## Material provided
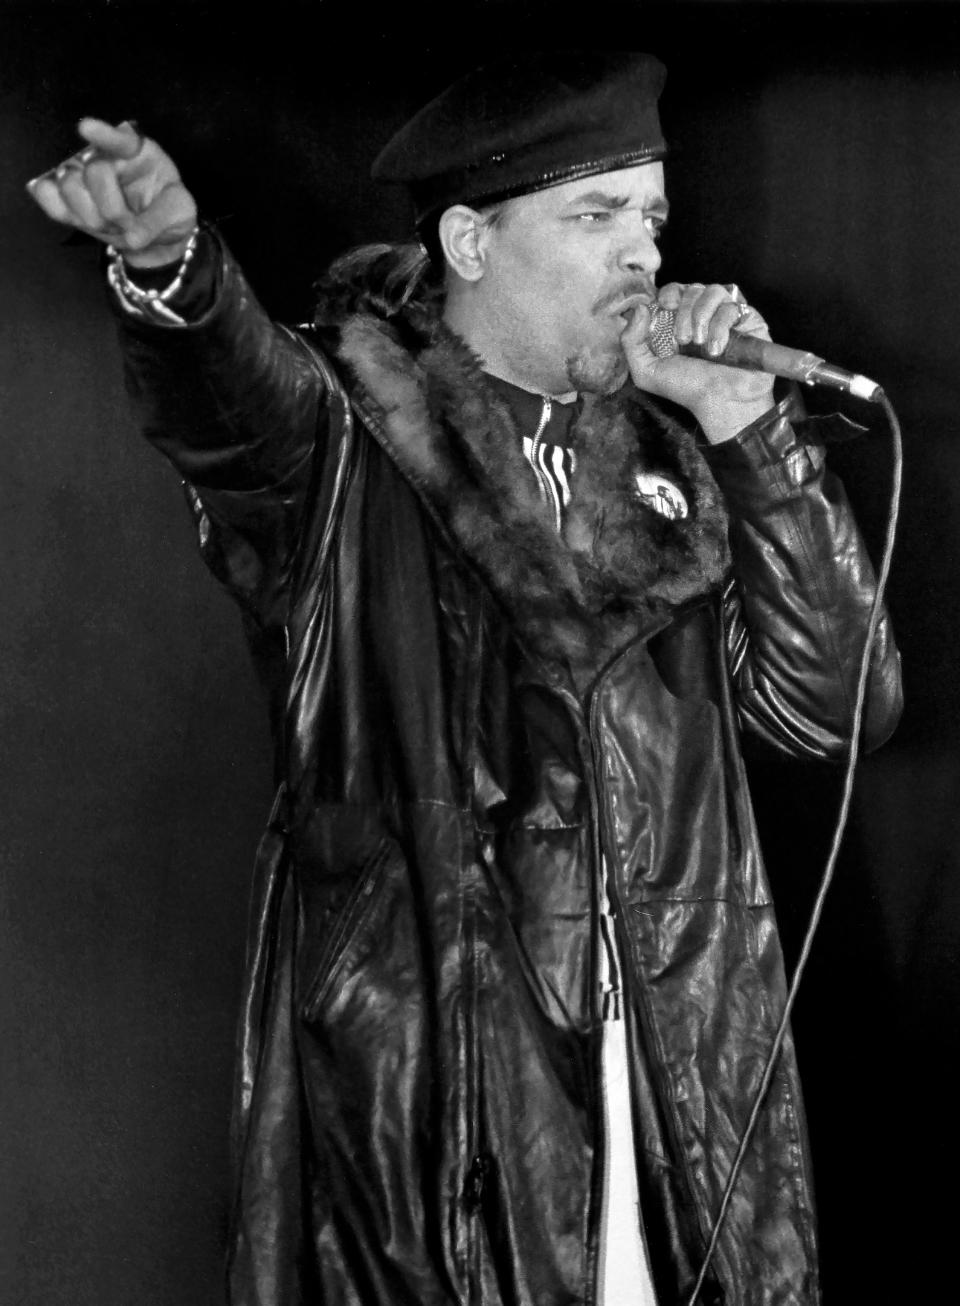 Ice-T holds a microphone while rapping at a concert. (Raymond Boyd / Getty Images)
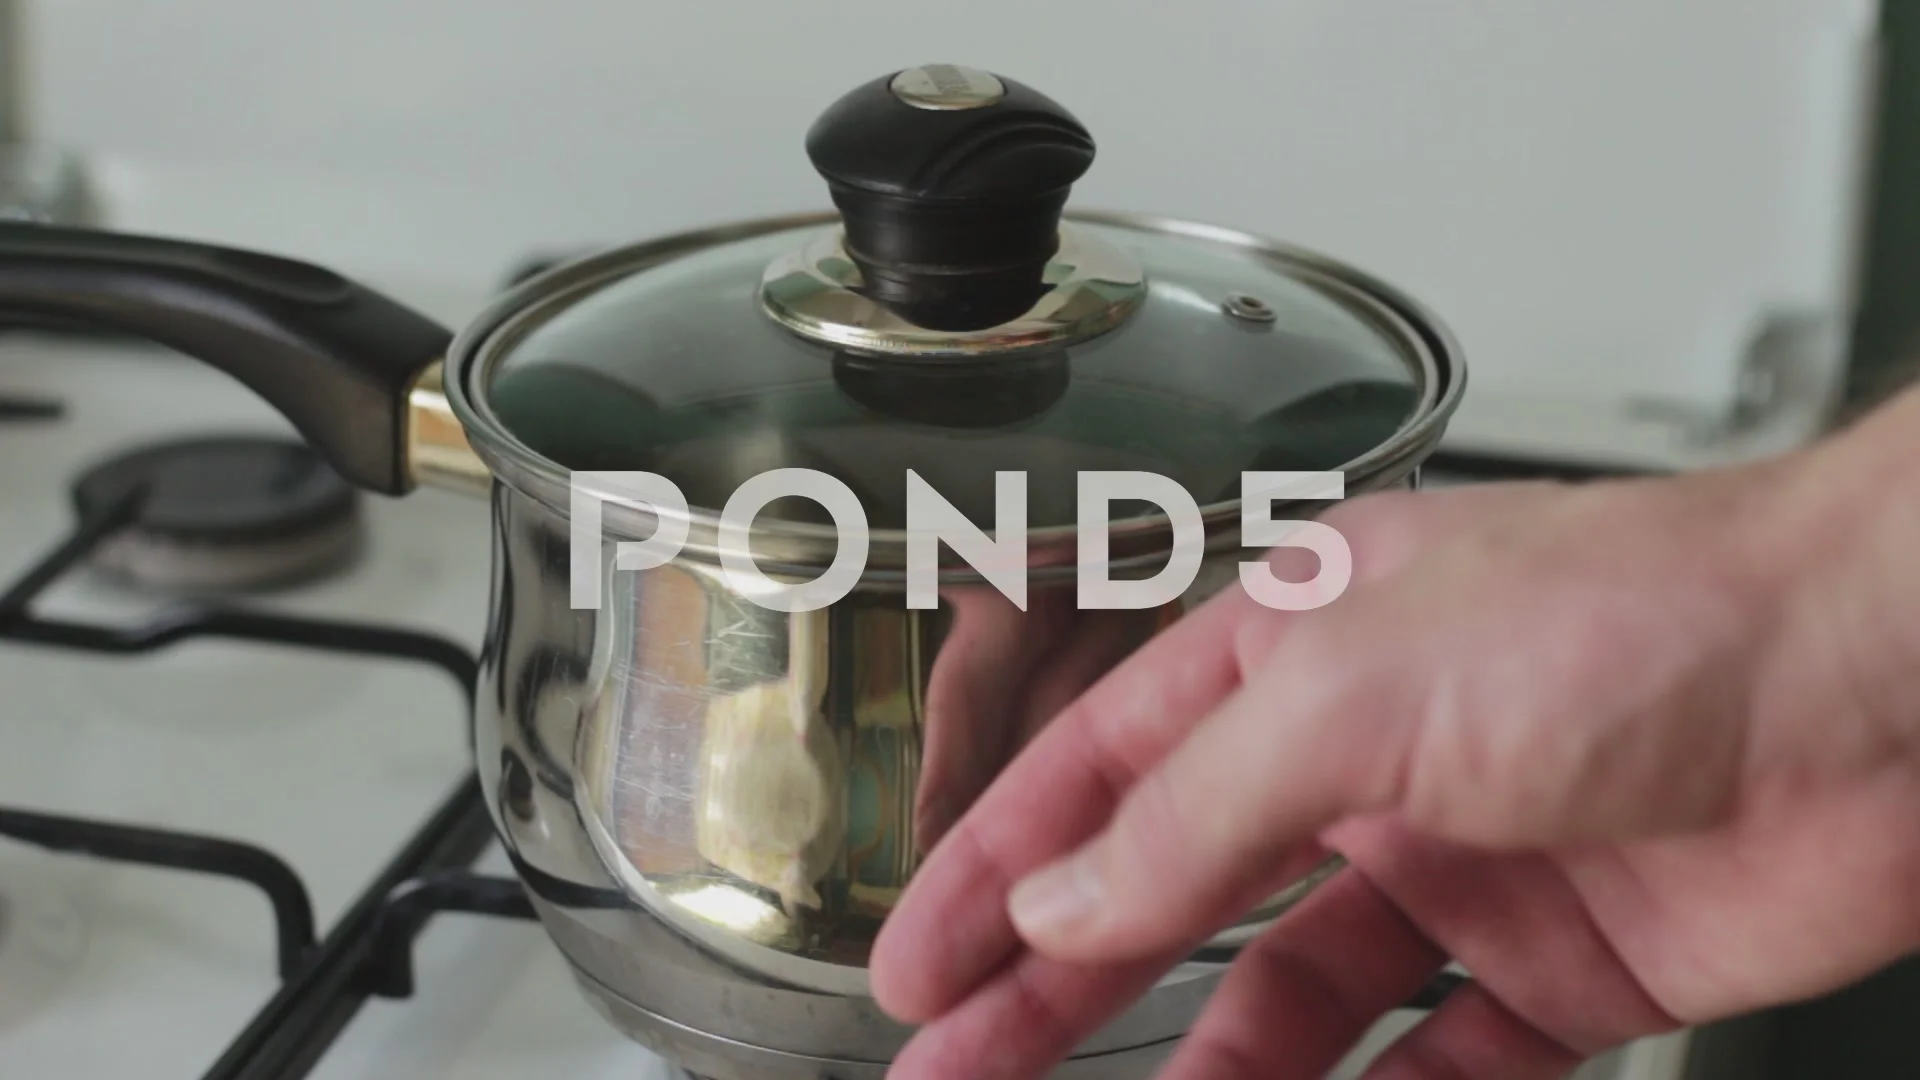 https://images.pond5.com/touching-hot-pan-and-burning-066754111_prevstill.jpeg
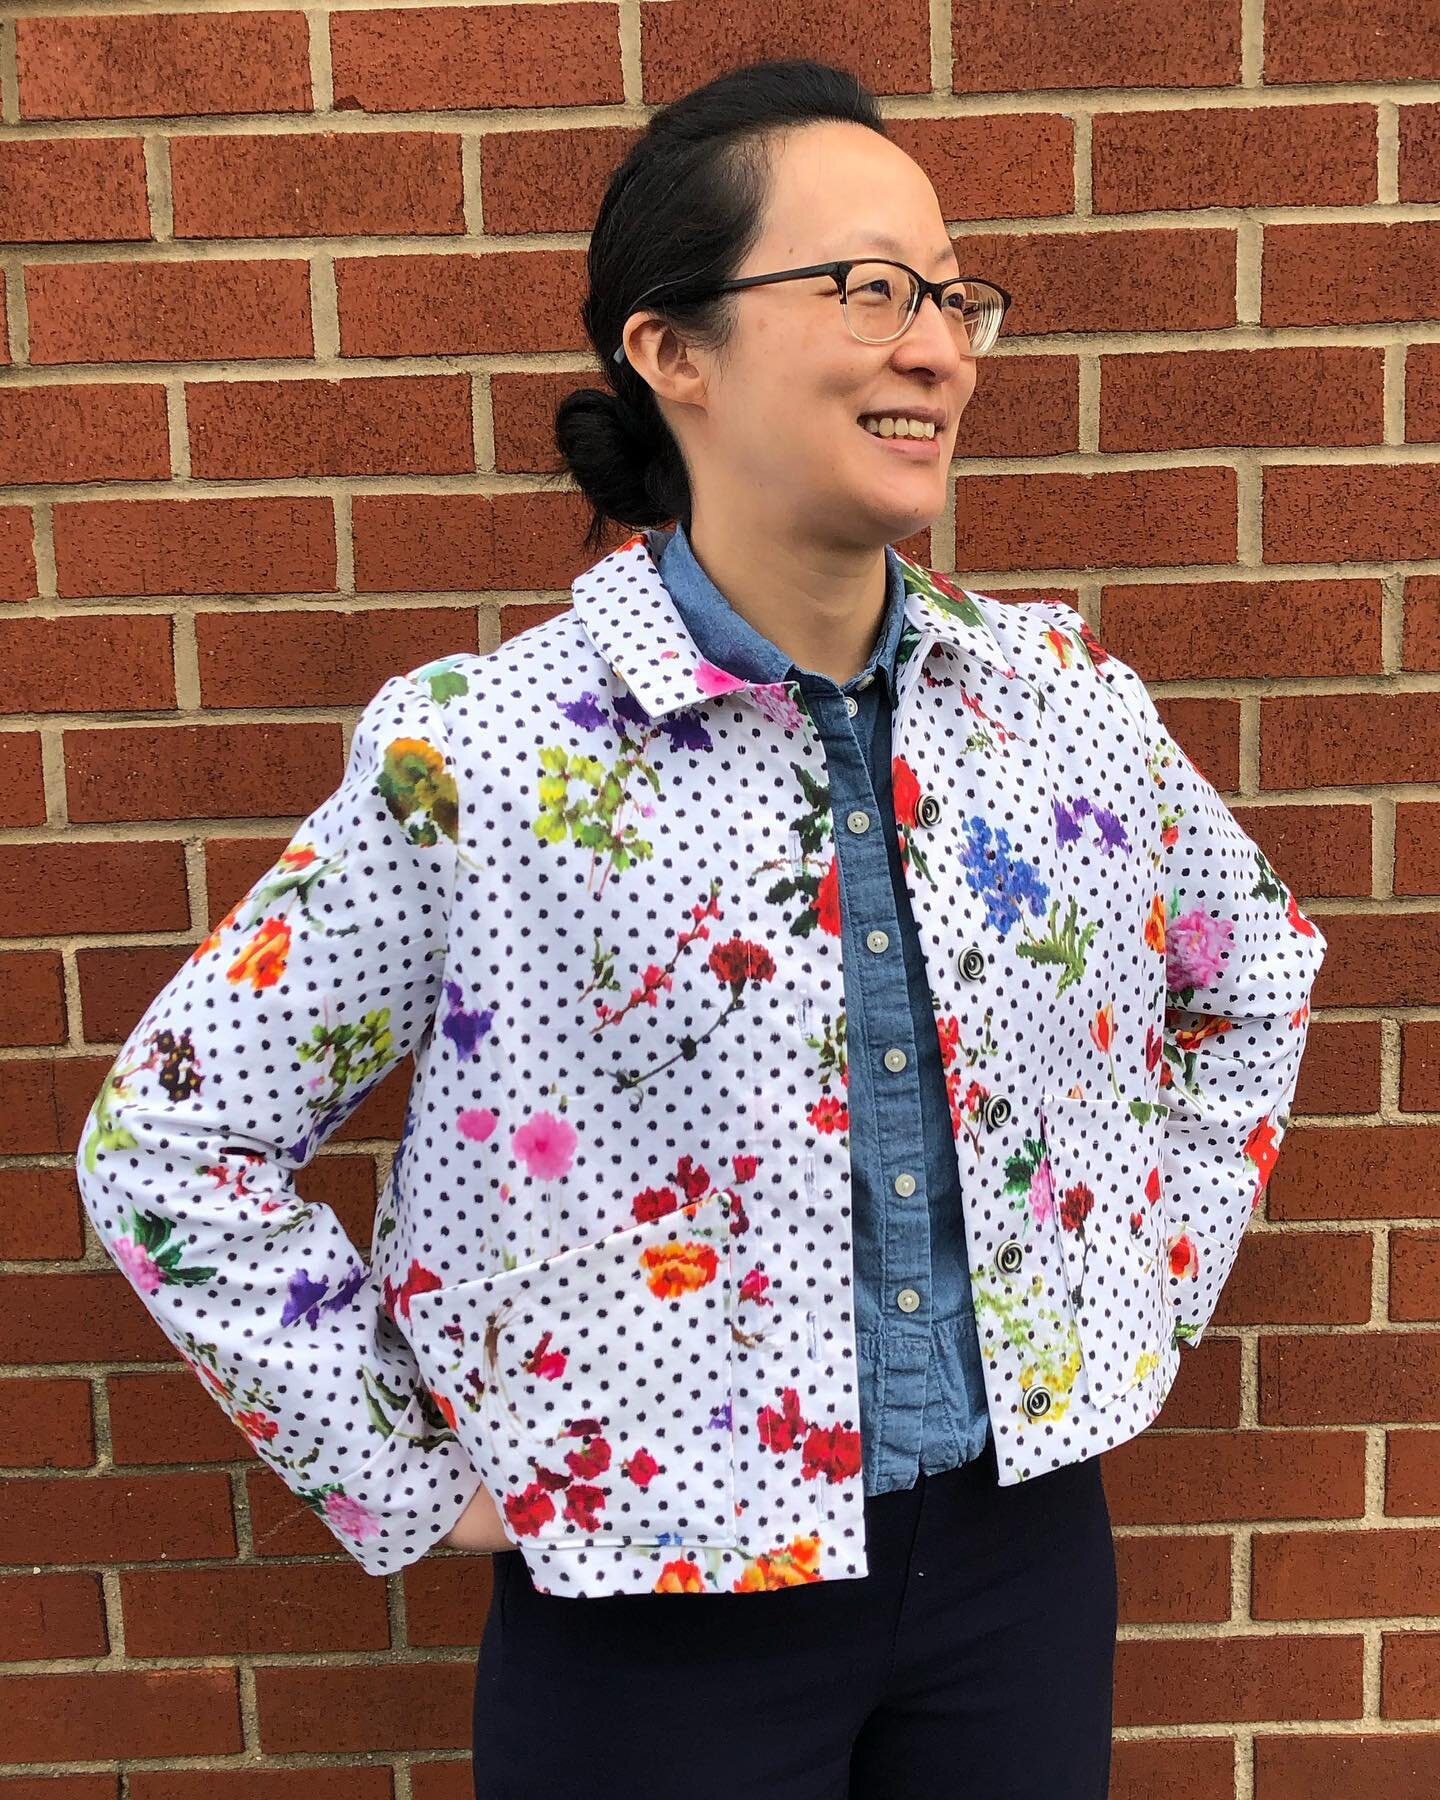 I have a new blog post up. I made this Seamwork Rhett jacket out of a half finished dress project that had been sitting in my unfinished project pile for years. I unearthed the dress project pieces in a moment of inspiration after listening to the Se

## Problem statement
Print the listing exactly, minus its pictures.

## Exercise solution
 Ice-T holds a microphone while rapping at a concert. (Raymond Boyd / Getty Images)
 https://images.pond5.com/touching-hot-pan-and-burning-066754111_prevstill.jpeg
 I have a new blog post up. I made this Seamwork Rhett jacket out of a half finished dress project that had been sitting in my unfinished project pile for years. I unearthed the dress project pieces in a moment of inspiration after listening to the Se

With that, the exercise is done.